* _Given material_
----

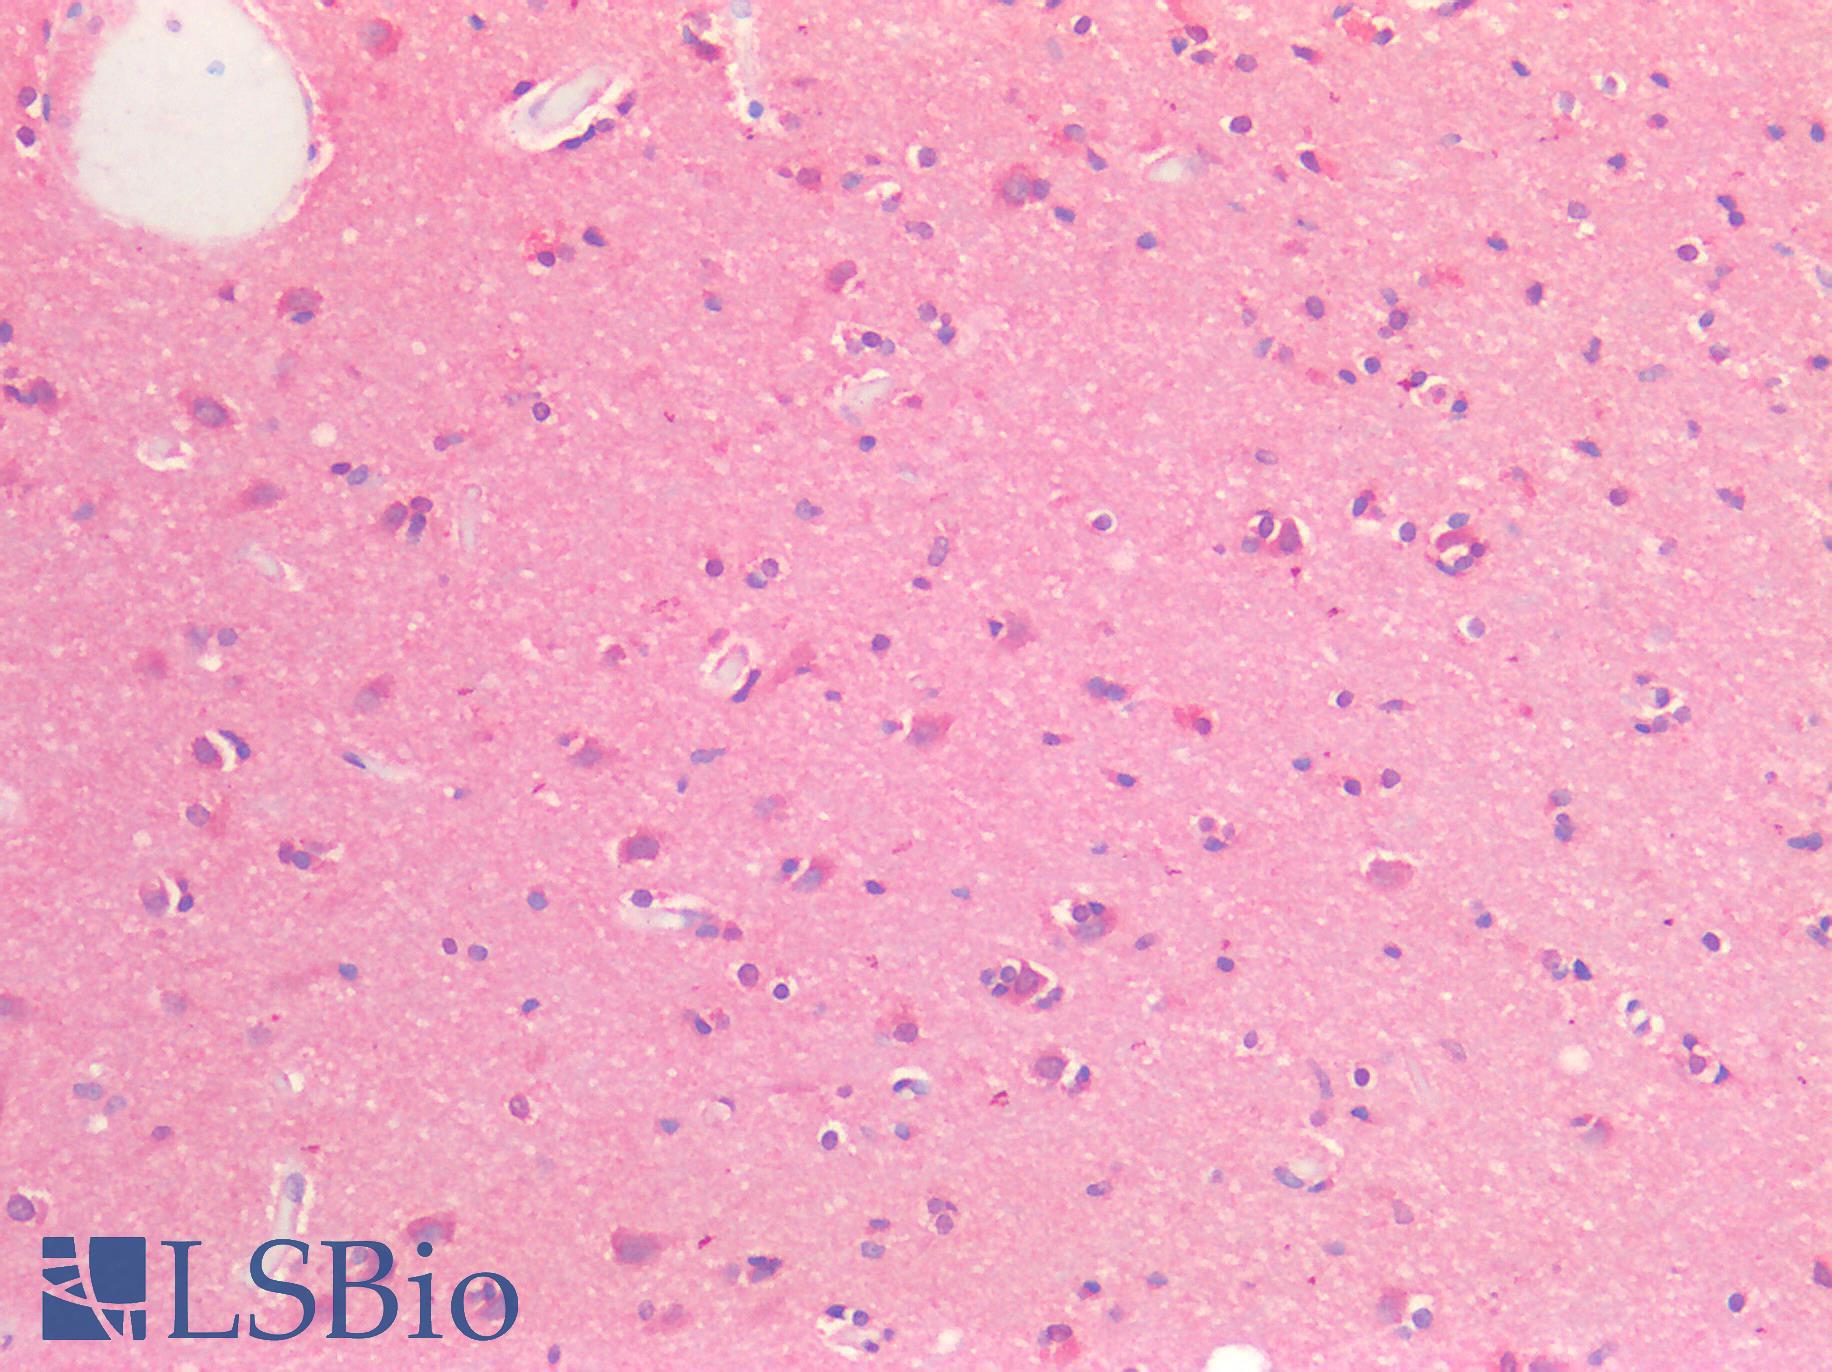 EPHB2 / EPH Receptor B2 Antibody - Human Brain, Cortex: Formalin-Fixed, Paraffin-Embedded (FFPE)
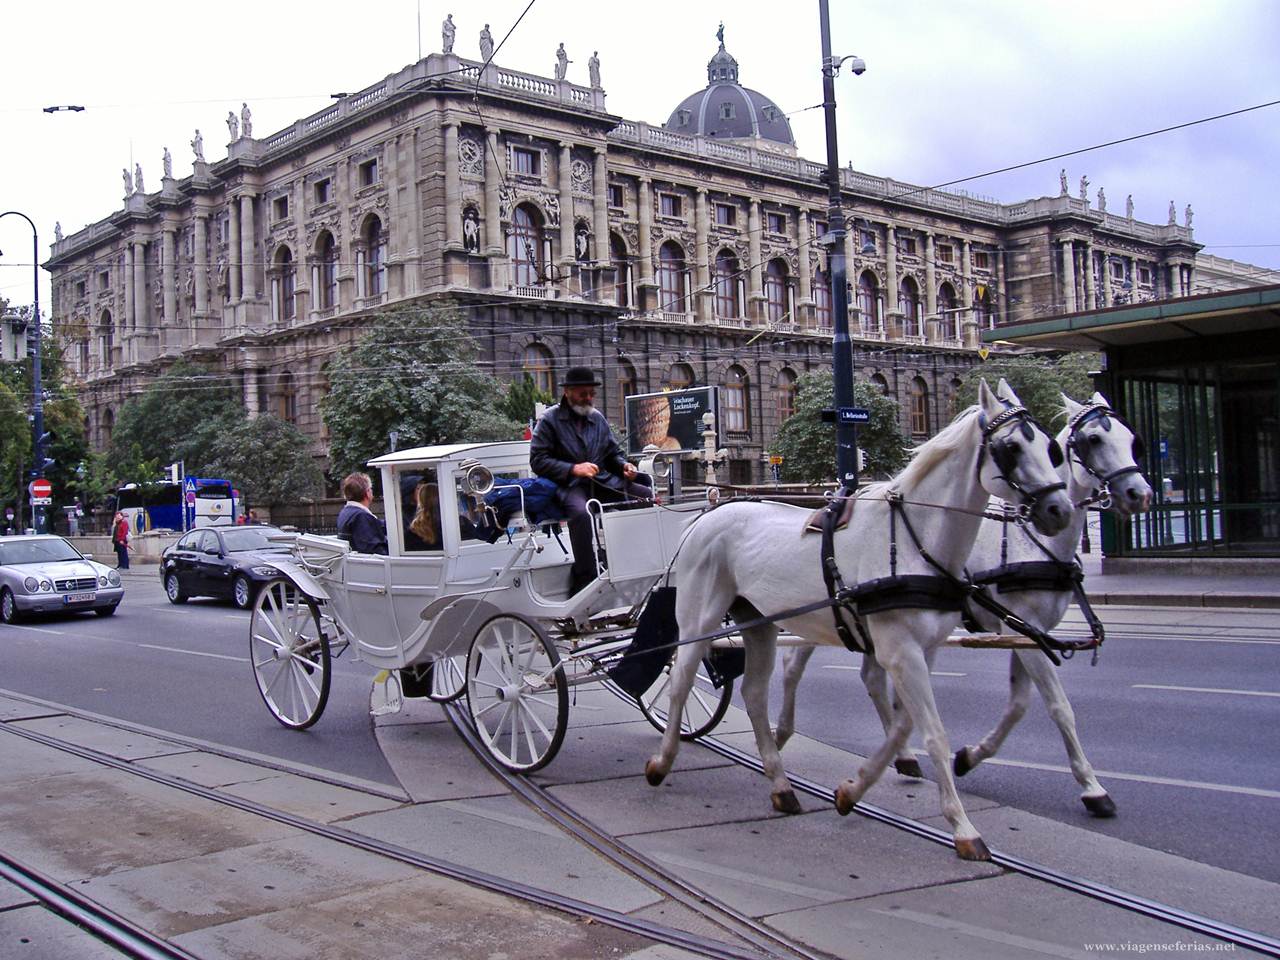 Típica carruagem com cavalos numa rua de Viena
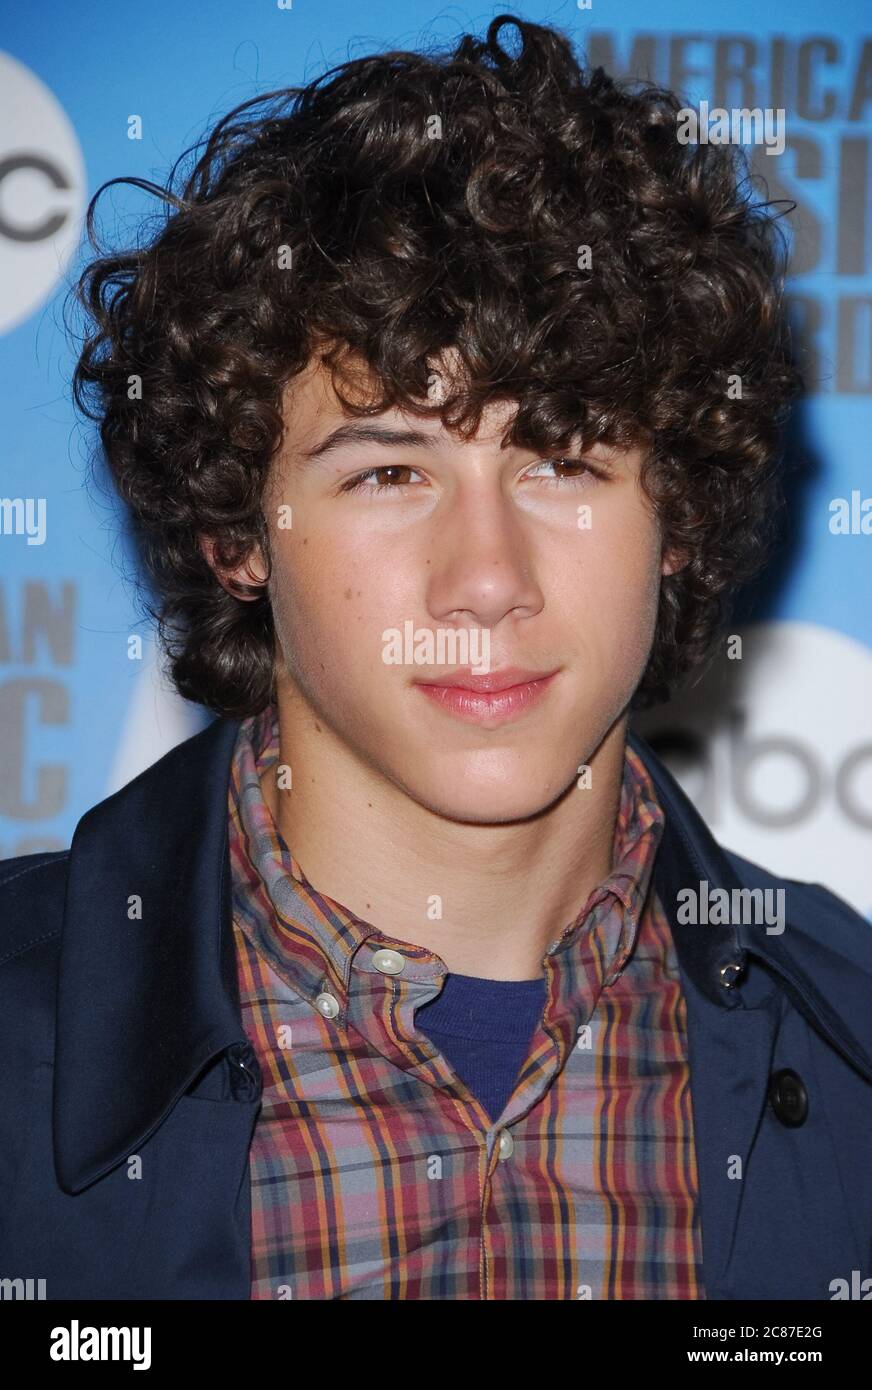 Nick Jonas of the Jonas Brothers at the 
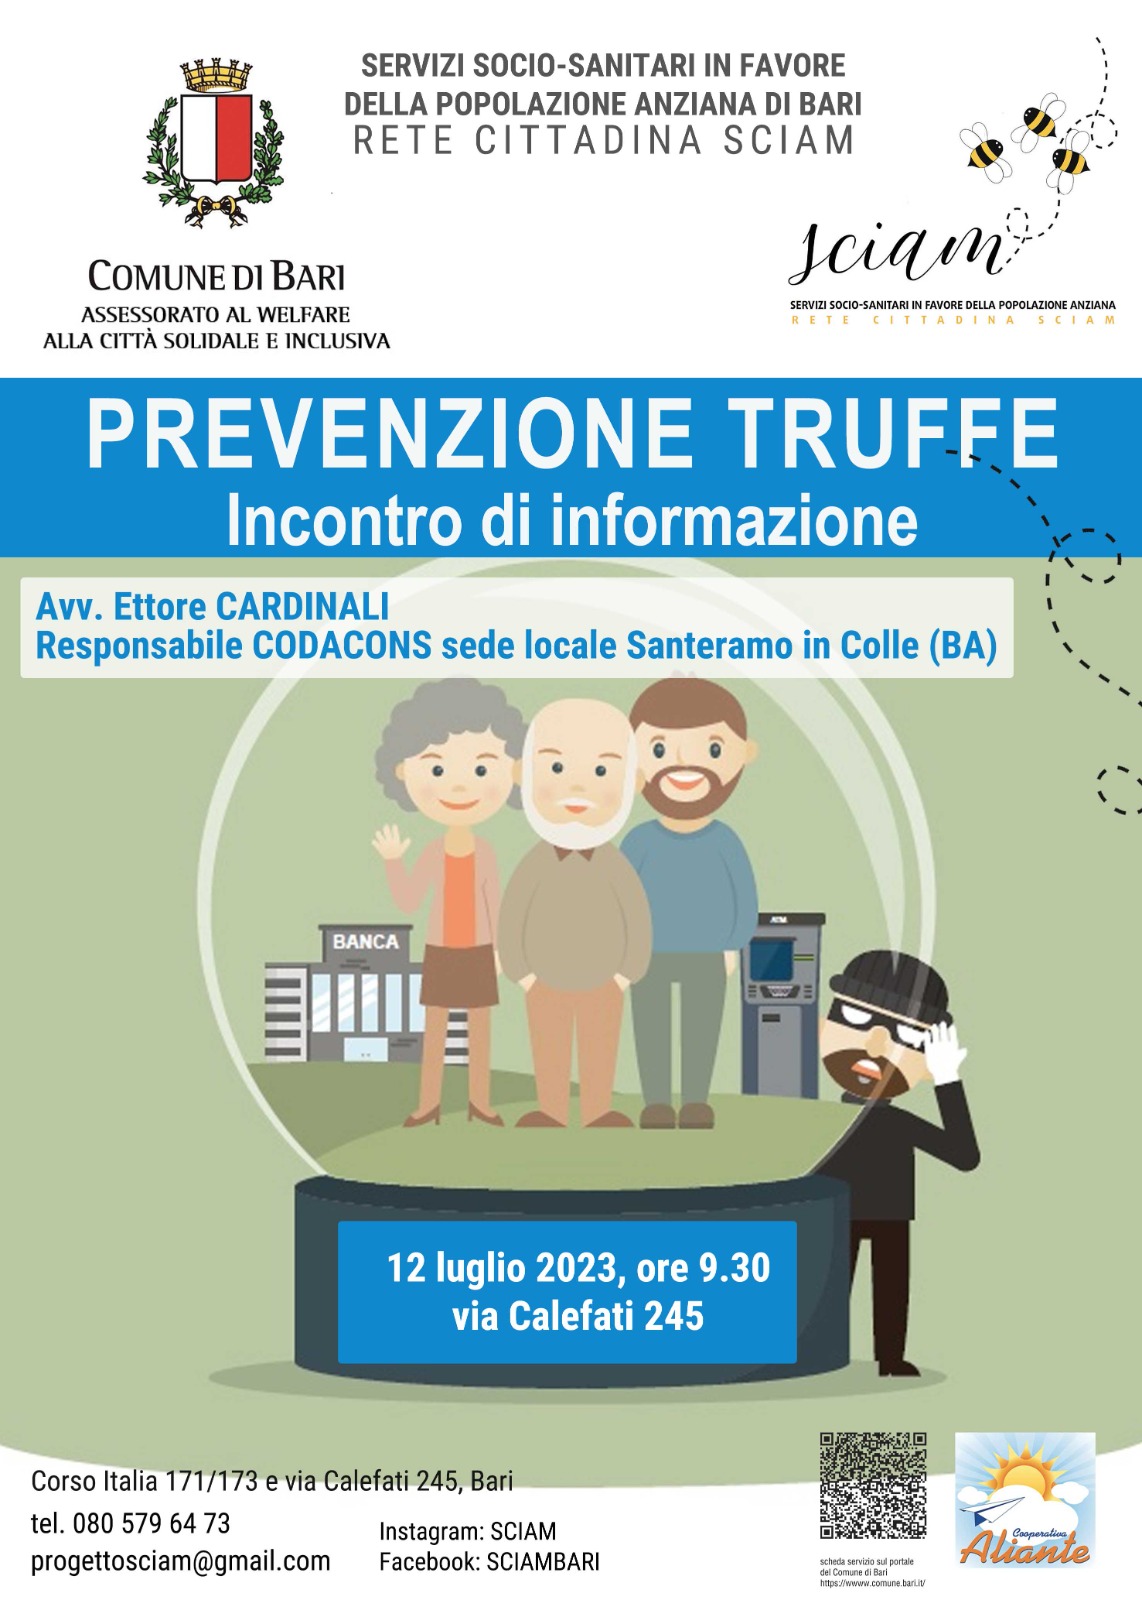 Prevenzione Truffe – Incontro di informazione  – SCIAM 12 Luglio 2023

----

* _What you have to do_
Return all the material exactly, pictures excluded.

* _Task result_
 EPHB2 / EPH Receptor B2 Antibody - Human Brain, Cortex: Formalin-Fixed, Paraffin-Embedded (FFPE)
 Típica carruagem com cavalos numa rua de Viena
 Nick Jonas of the Jonas Brothers at the 
 Prevenzione Truffe – Incontro di informazione  – SCIAM 12 Luglio 2023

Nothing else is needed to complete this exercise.